### ABOUT THIS TASK
Return the following data exactly, with all pictures left out.

### DATA SEGMENT
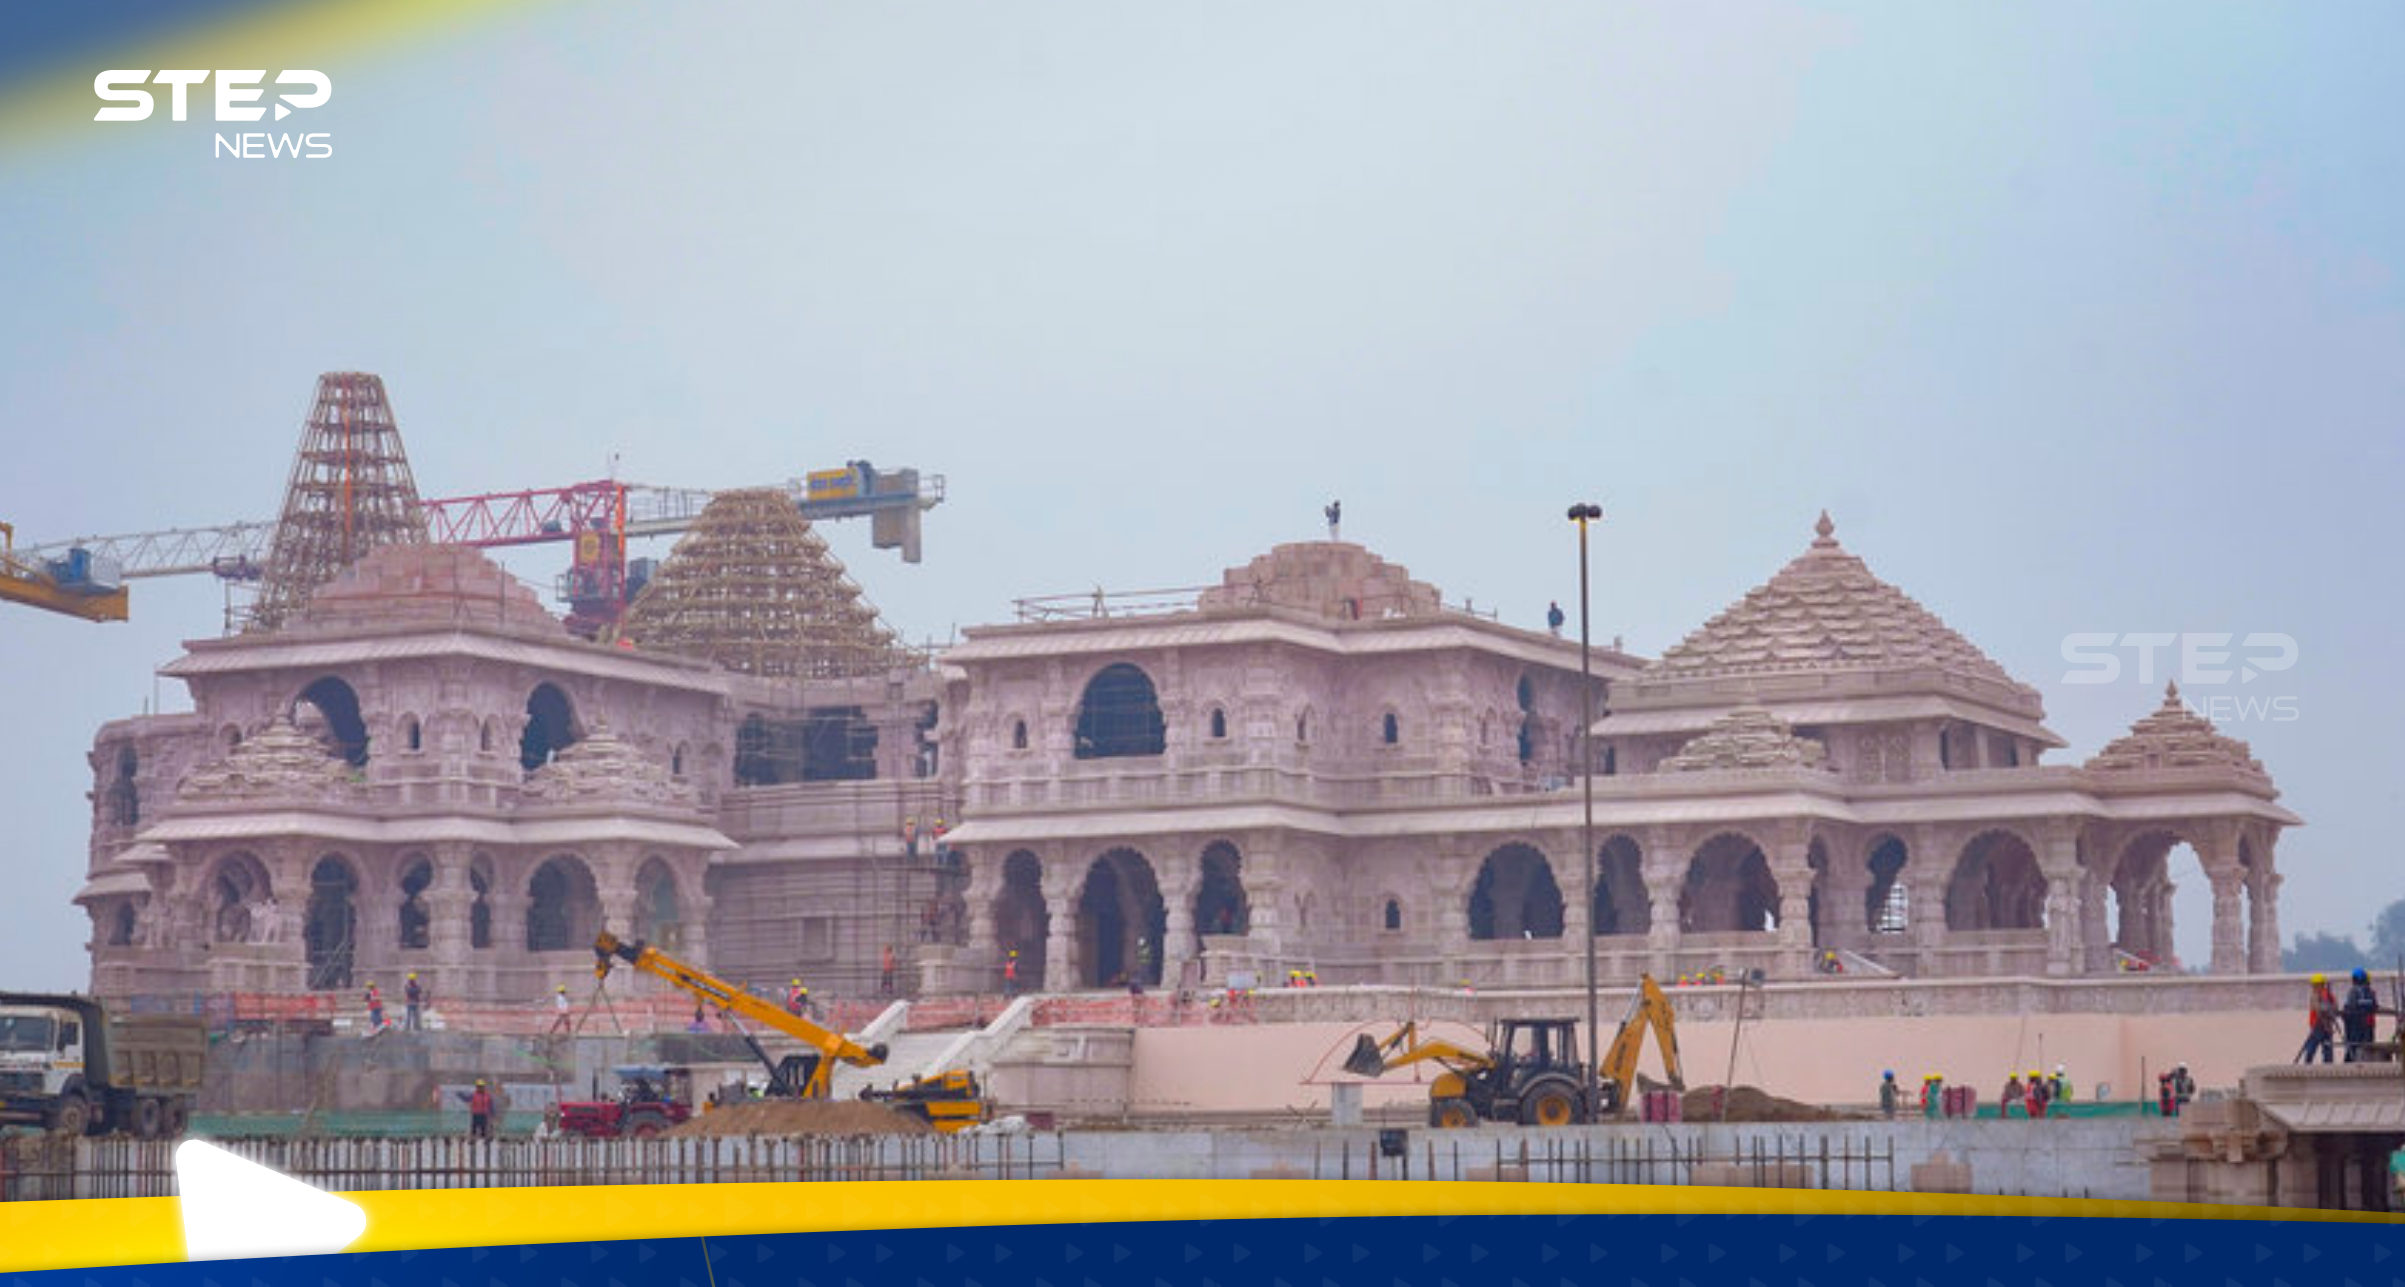 رئيس الوزراء الهندي يفتتح معبداً هندوسياً على انقاض مسجد مُدمر ويثير الجدل
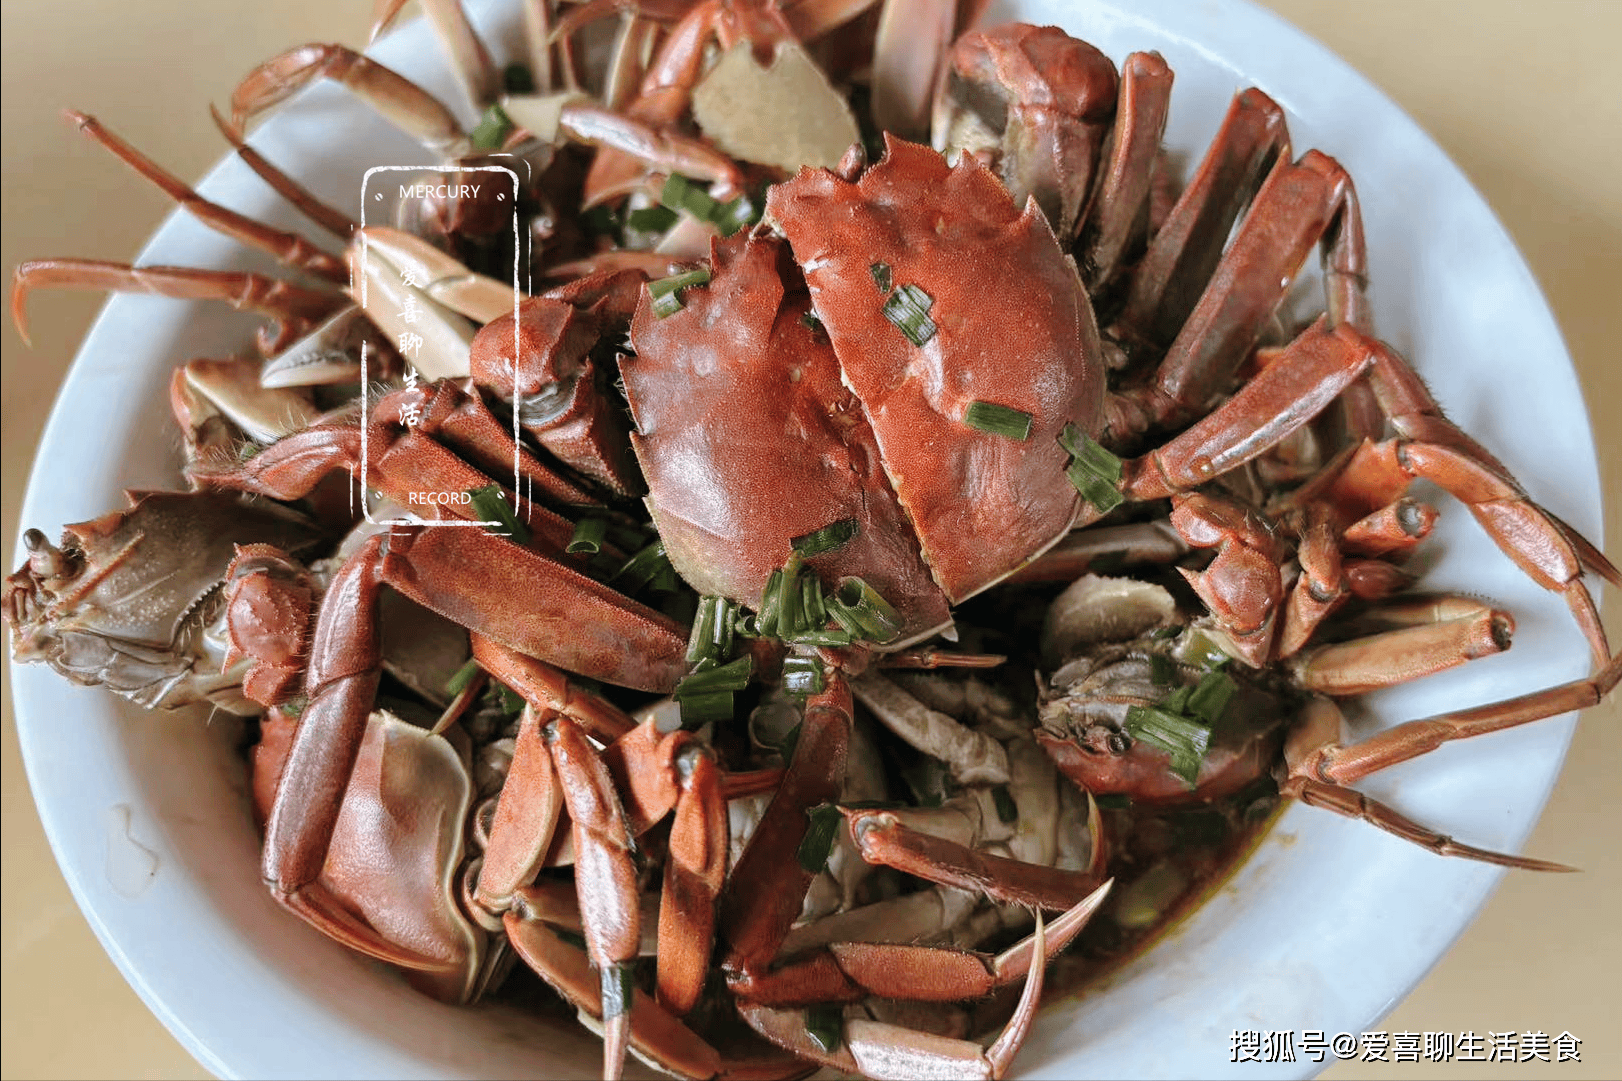 8个螃蟹一把毛豆，简单一蒸10分钟出锅，尝蟹品豆，真是人间美味呀！
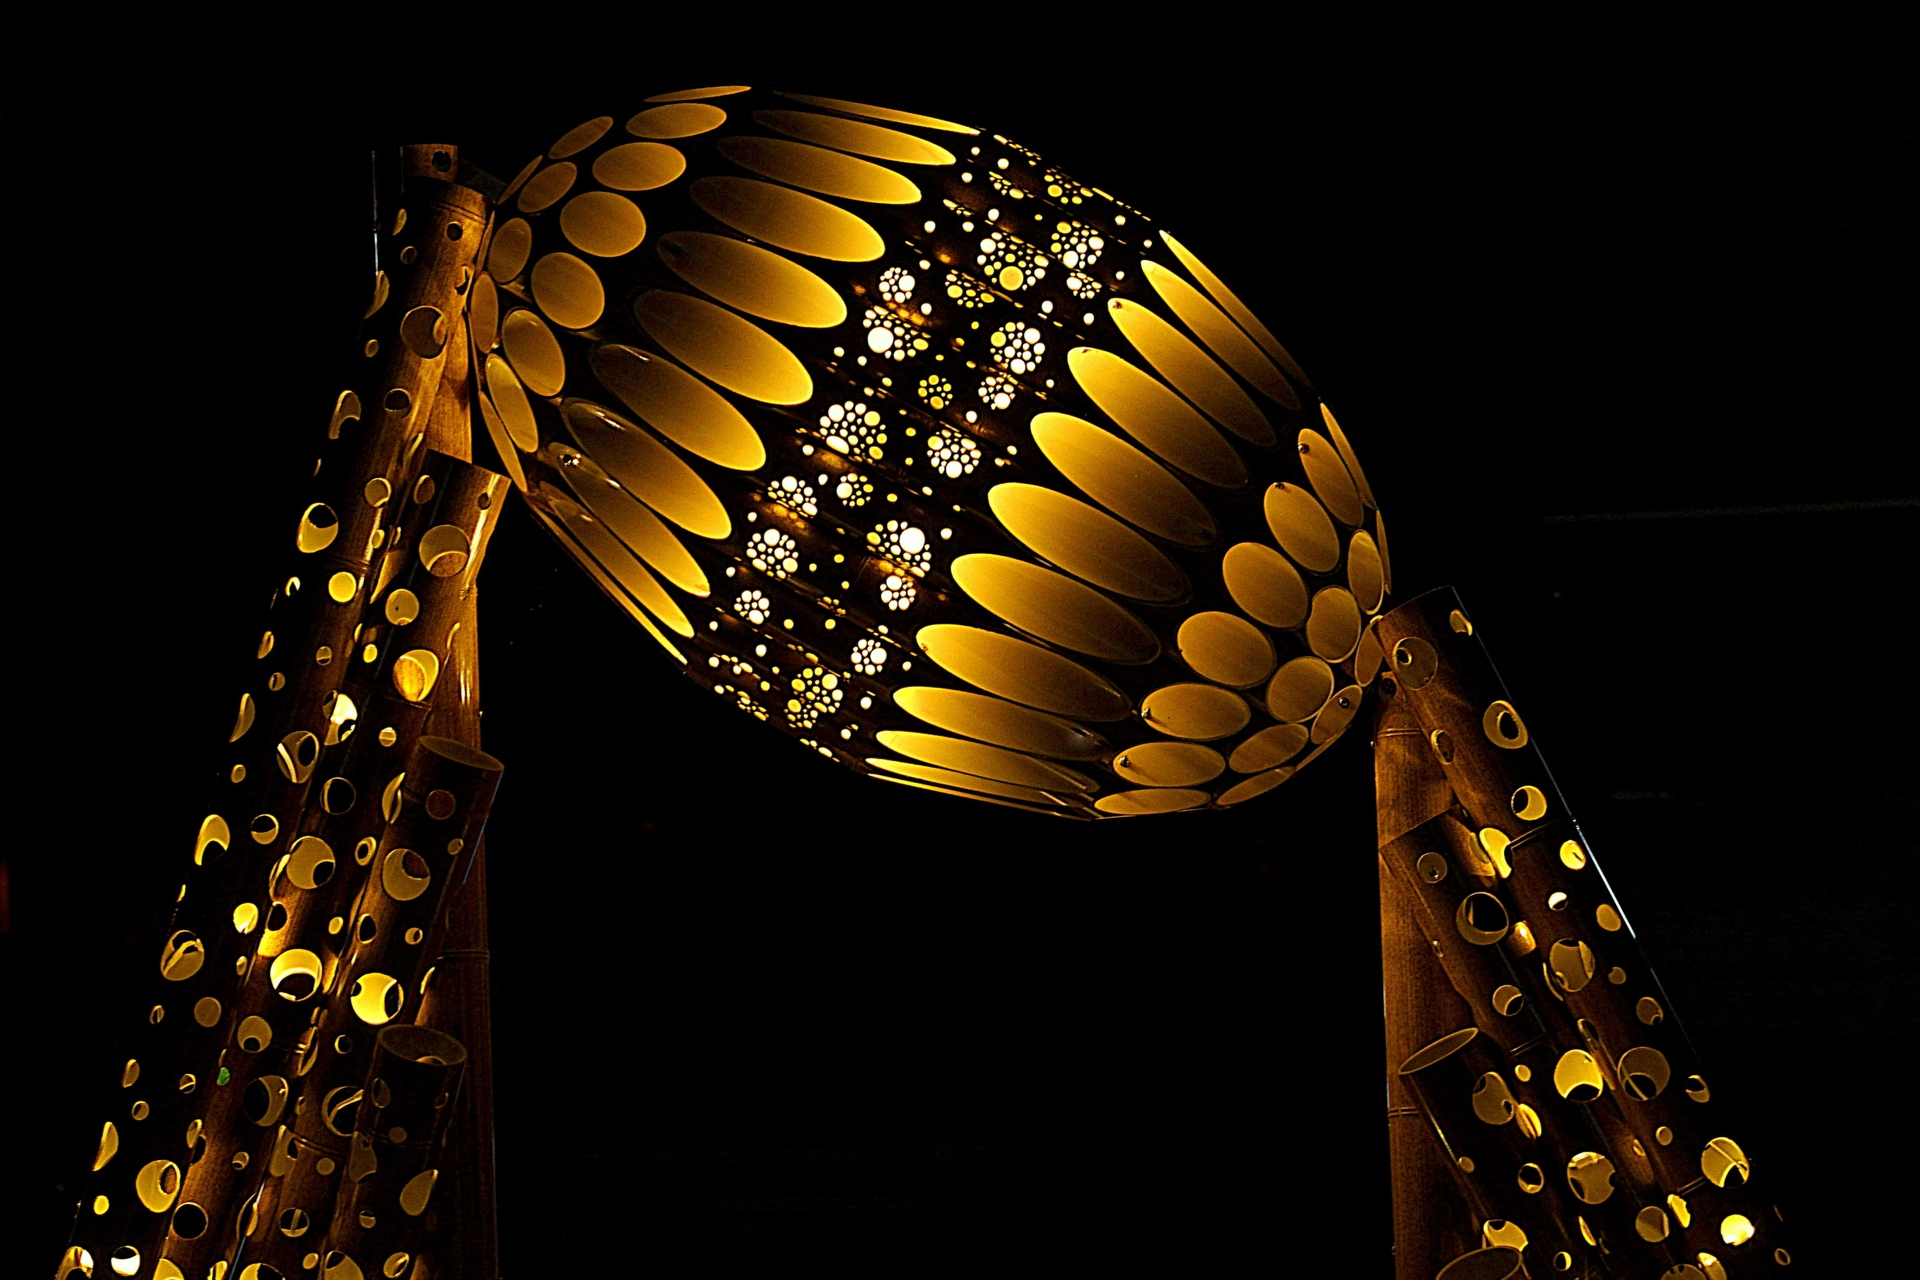 夜景 花火 イルミ ラグビーボールの竹灯り 壁紙19x1280 壁紙館

### THE ANSWER
 رئيس الوزراء الهندي يفتتح معبداً هندوسياً على انقاض مسجد مُدمر ويثير الجدل
 8个螃蟹一把毛豆，简单一蒸10分钟出锅，尝蟹品豆，真是人间美味呀！
 夜景 花火 イルミ ラグビーボールの竹灯り 壁紙19x1280 壁紙館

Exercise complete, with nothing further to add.